It’s not uncommon to find a discarded tool, ancient artifact, or something much more interesting while traveling through the Yukon wilderness.
David Beaudoin, a resident of Dawson City, Yukon, made his own mysterious discovery while hiking in Tombstone Territorial Park recently.
“It was about four to six kilometers from where we started,” Beaudoin said. “A little hunting at first, and then all uphill. And then I saw this thing.”
Beaudoin said it appeared to be an old car battery but he didn’t understand how it would end up in that place, almost on top of a mountain.
“There’s nothing else around,” he said.
“There are no trails. There are no markings made by anyone.
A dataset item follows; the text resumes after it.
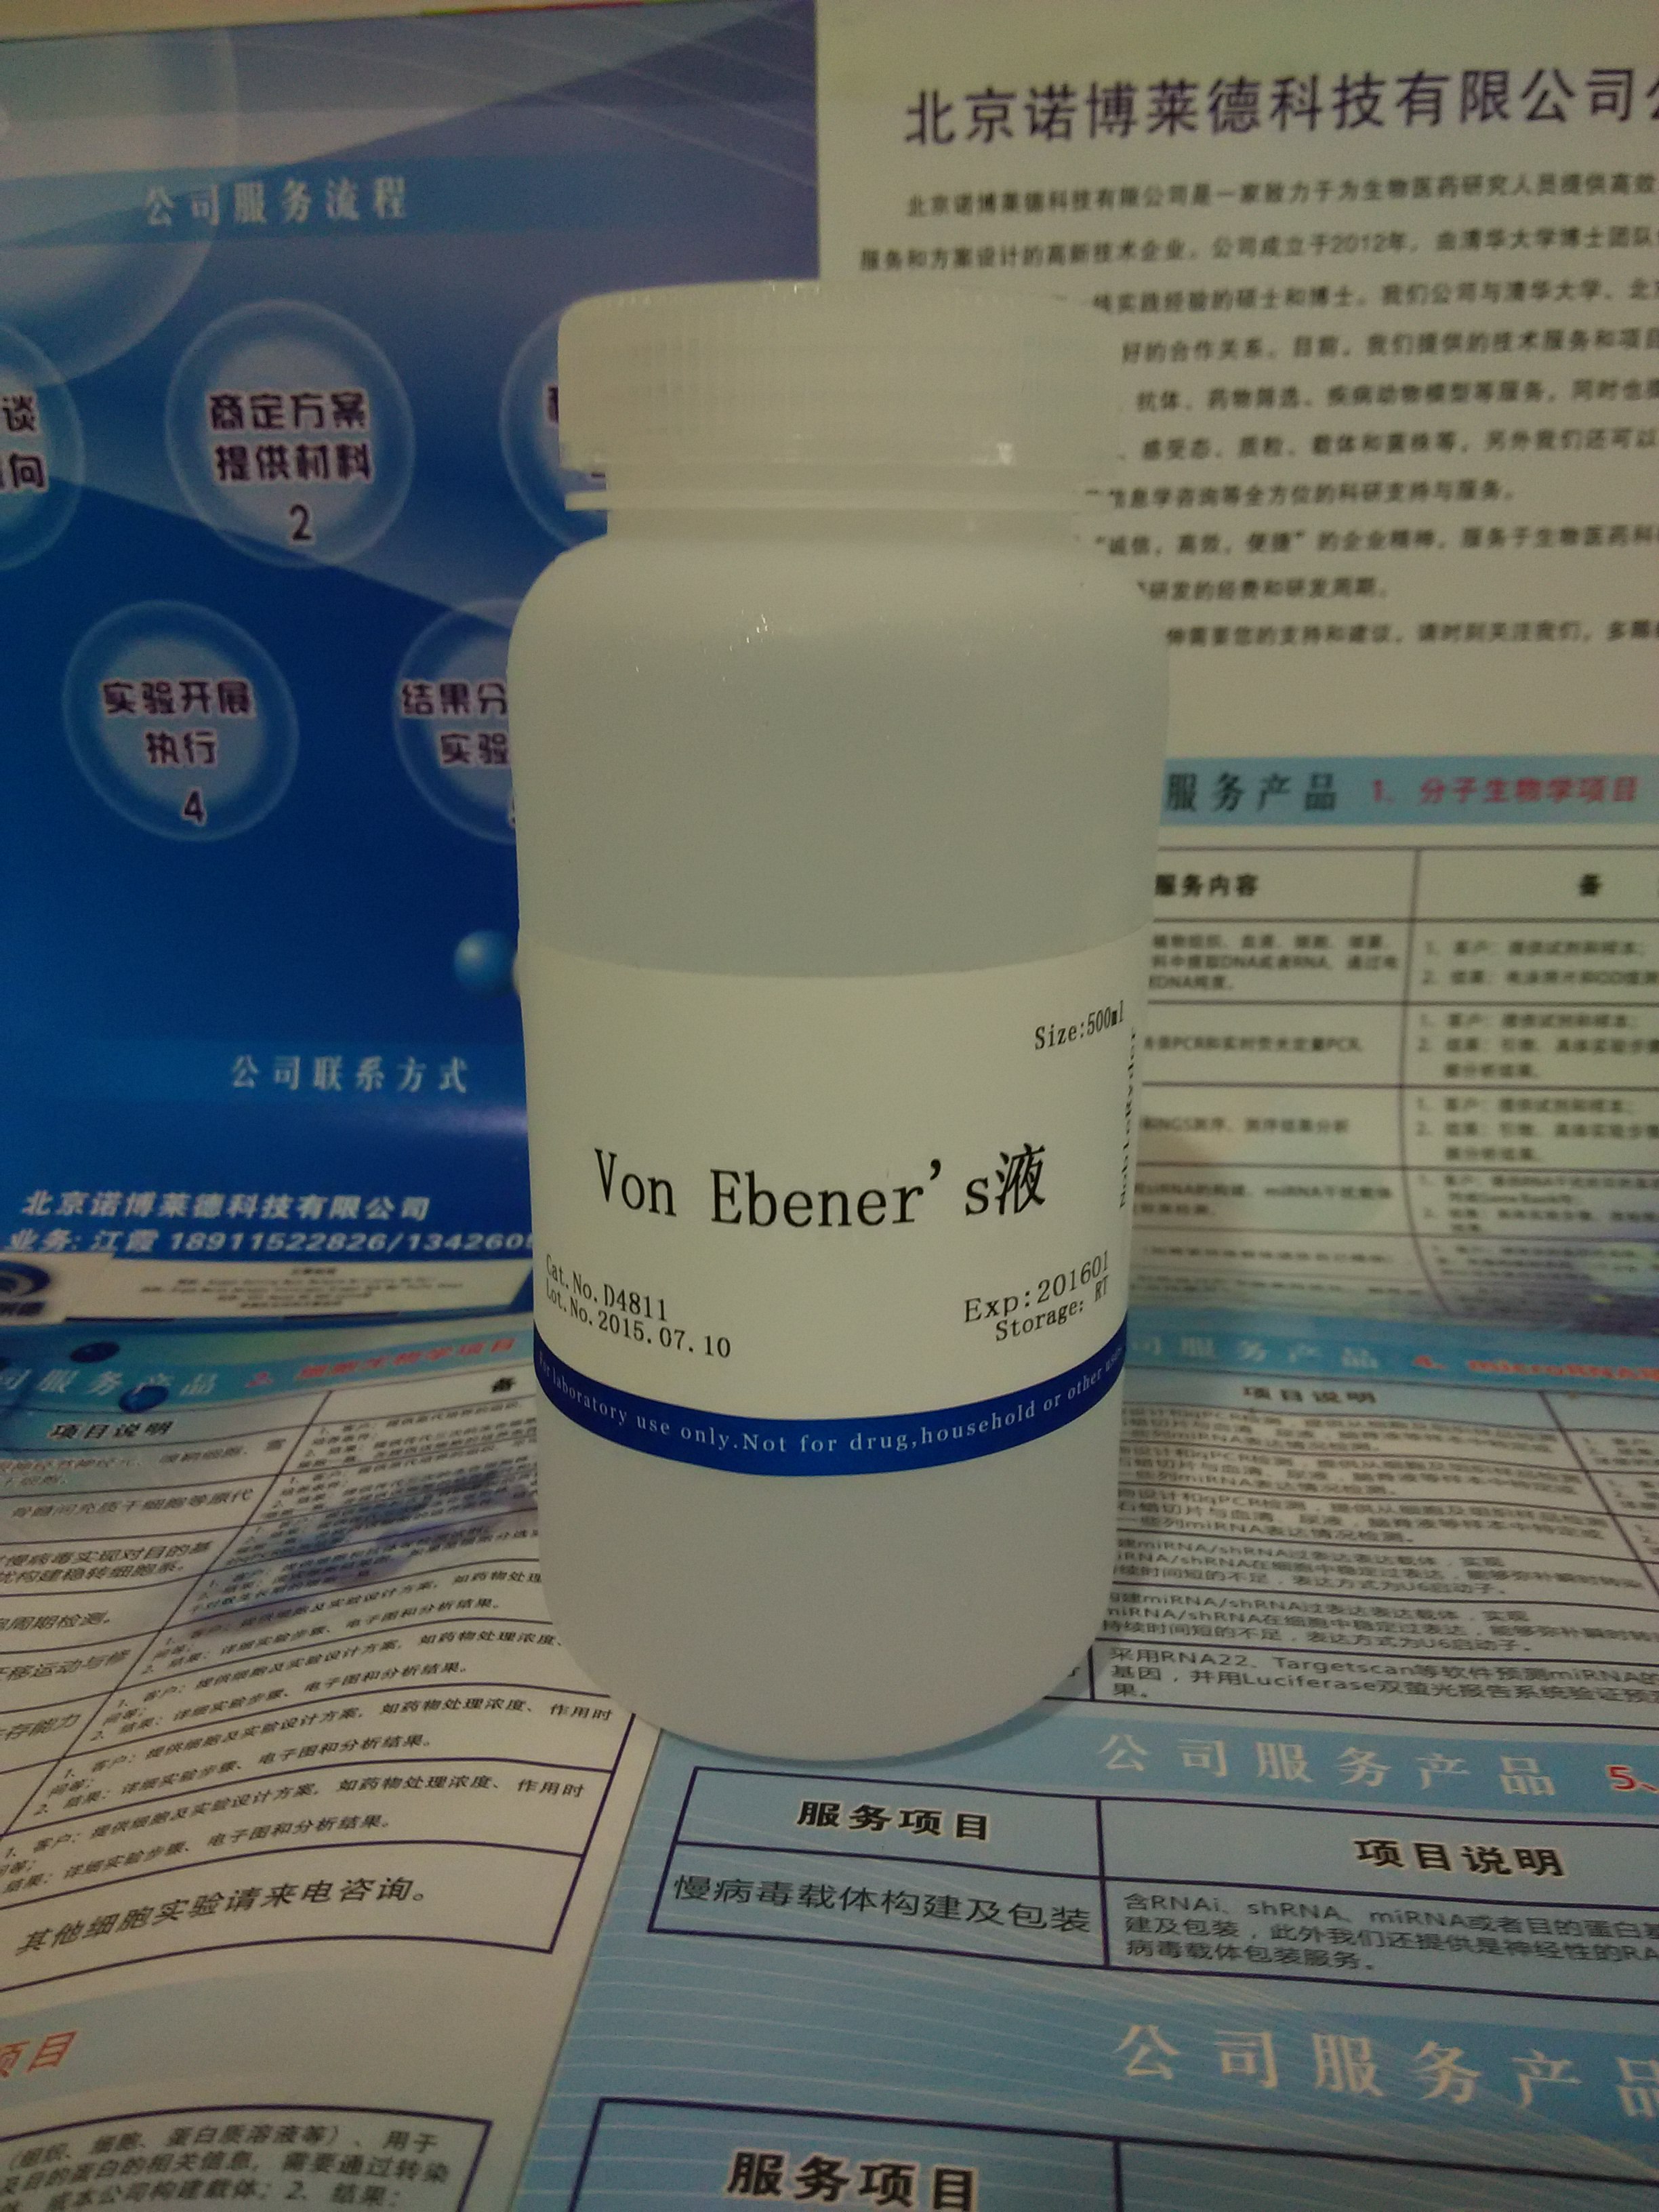 供应Von Ebener's液 NobleRyder D4811 缓冲液 脱钙液 量大更优惠 质量保证 500ml
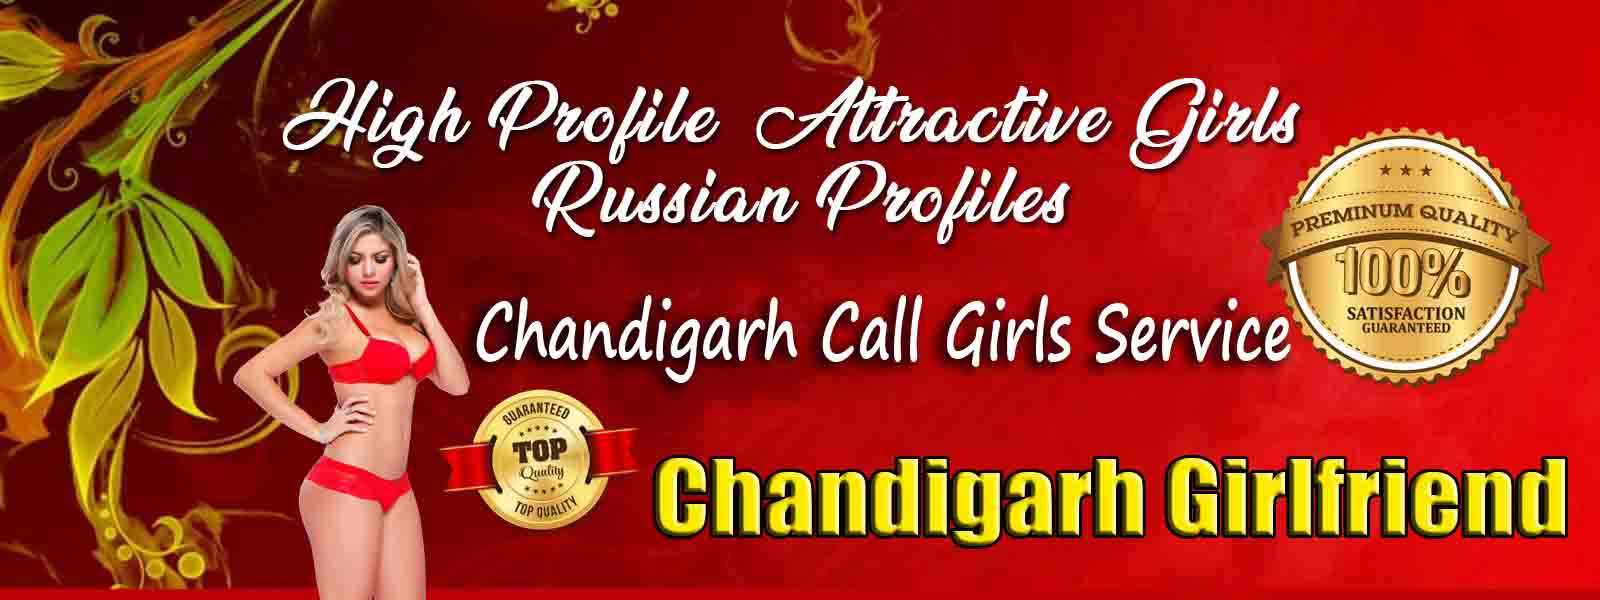 Chandigarh call girls service

There are no vehicles going up there.”
Beaudoin said he turned the object over to inspect it further and said it looked like it hadn’t been there for that long.
It looked like it “literally fell from the sky,” he said.
That’s when another thought came to mind. In February, an unidentified object, later called a “suspicious balloon” by officials, was shot down over the Yukon by fighter jets. The remains of the object were said to be somewhere between Dawson City and Mayo.
“I thought, ‘Well, that’s it: I found the space balloon payload, or whatever,'” Beaudoin told Breaking:. “I don’t think it’s that, but it would be cool if it was.”
Beaudoin decided to leave the object where he found it. He took some photos of it that he would then post on social media in the hopes that someone could help him identify what it was.
Many speculations arose, from an excavator battery to a flux capacitor.
One person who saw the photos is Dawson resident Jed Biernaski.
Biernaski is the manager of NAPA Auto Parts in Dawson and thought he knew what it was as soon as he saw it.
“I think it’s a battery,” he said. “With the boards and the connections between the boards, that’s what I would think. It’s just missing its box.”
“In the early ’20s and ’30s, they actually used wooden boxes for their batteries,” he said. “Therefore, it may have rotted away and left the lead plates and connections inside.”
Like Beaudoin, Biernaski was perplexed as to how a battery would end up on the top of a mountain.
“I thought about that too,” he told Breaking:. “Because there were no footprints. Or alternatively, there were footprints once, but over time they grew.”

According to Beaudoin, the more he thinks about it, the object he found is probably an old battery of some kind, but he still has hope for a much more interesting result.
“I was thinking, yeah, it sure is a battery,” he said. “But maybe it’s the battery of the strange satellite that was floating over our airspace.
“It hasn’t been confirmed yet that it’s not cool. It’s unlikely to be as cool as I’d like it to be.”